The speaker also brought news of new developments not yet available. There is a new insulin (Linjeta) that may act almost as quickly as human insulin by including EDTA, which binds to zinc and prevents the formation of the hexamer, allowing the insulin to diffuse into the bloodstream more quickly. [At this point I asked why zinc was included at all, and the speaker thought it was necessary to ensure the stability of the product in storage before injection.] Another new insulin (Degludec) is hoped to provide the desired flat profile of background insulin by attaching a fatty acid side chain to the insulin. And a third development (Insupatch) is intended to speed up the release of insulin for people using insulin pumps by including a small heating element around the cannula, which increases the blood flow through the insulin-containing area of subcutaneous fat.

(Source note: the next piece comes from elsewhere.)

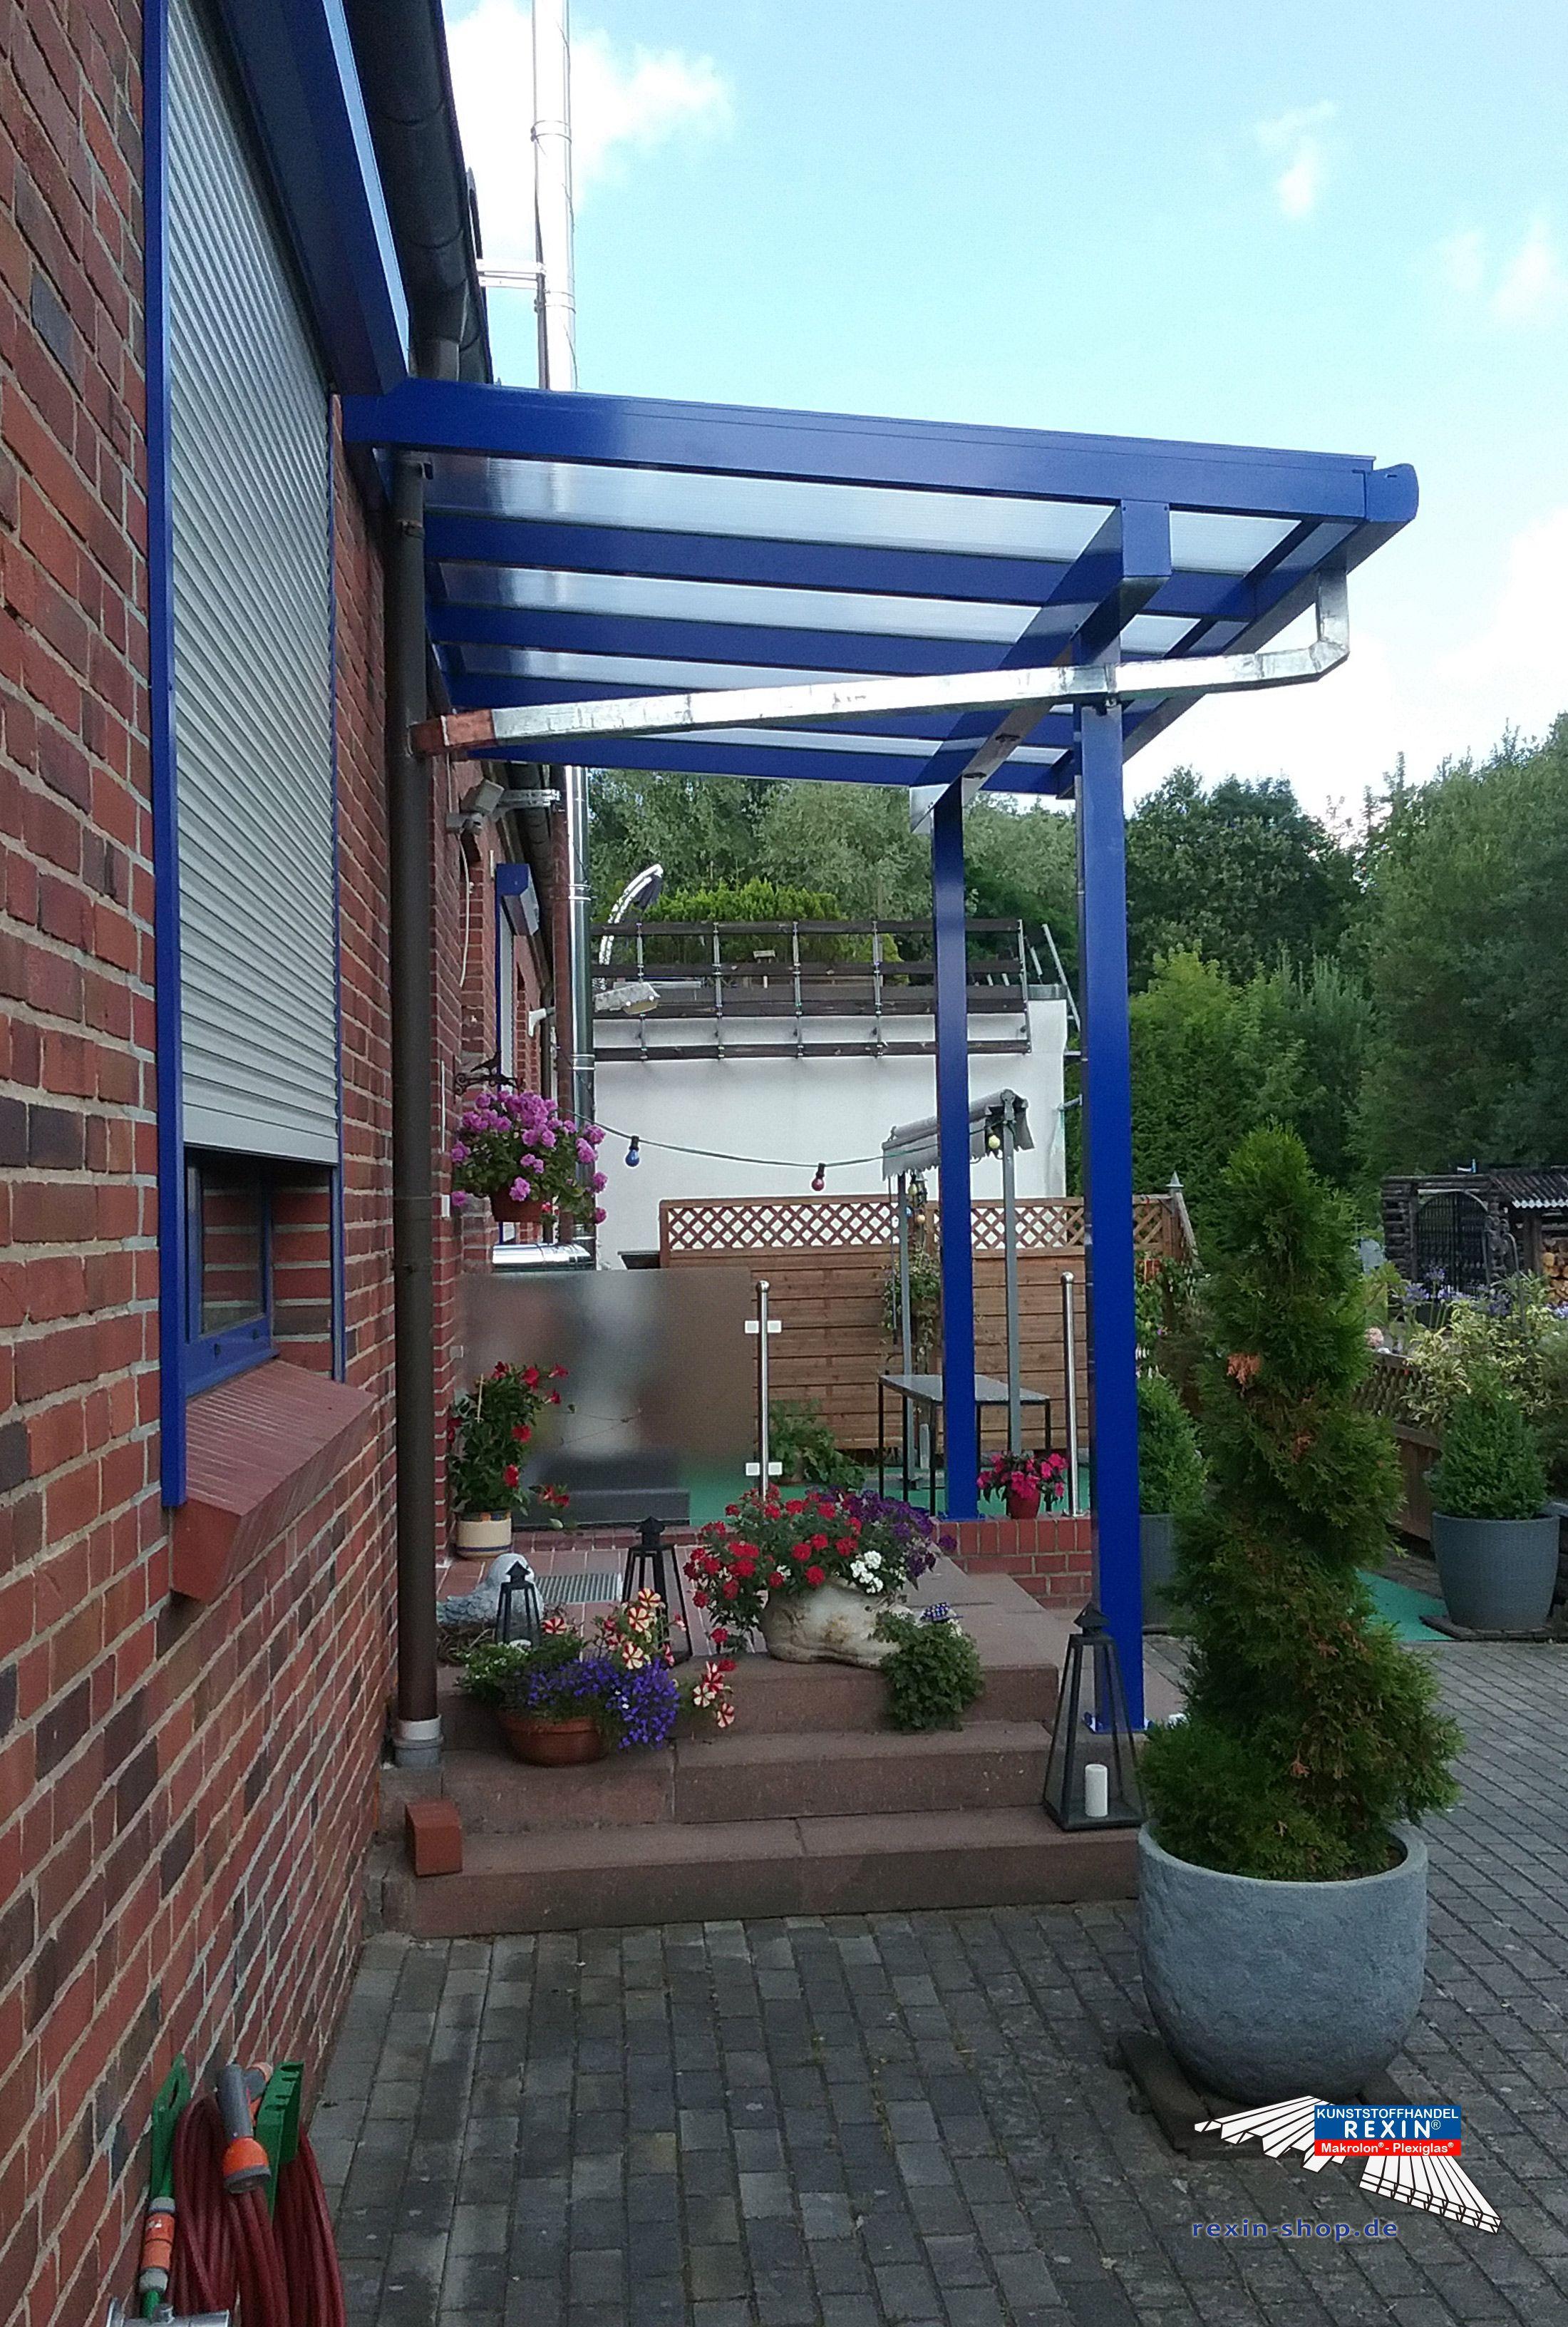 ee89477986fe1deb8c76c7775c4b6c62 Inspiration Sichtschutz Balkon Einseitig Durchsichtig Schema

I'll have to go to the next local meeting, unfortunately, because being pre-Christmas, the speaker is a Dietitian. I'm not yet sure whether I'll mention the unfriendly nature of the meetings to any of the committee, of whom there are several present, wearing badges. They show no more inclination to talk to me than anyone else in the room.

1 comment:

  1. Consider this: send a note to the committee asking "who are these meetings for?" Point out that information exchange is an important interest to people who may attend (and might influence donations). Include the relevant paragraph from the earlier meeting account, and the whole of this one, except the sentence that identifies you, to prove that attenders are interested in the subject.

    See if that has any effect whatever. Or just put up with it.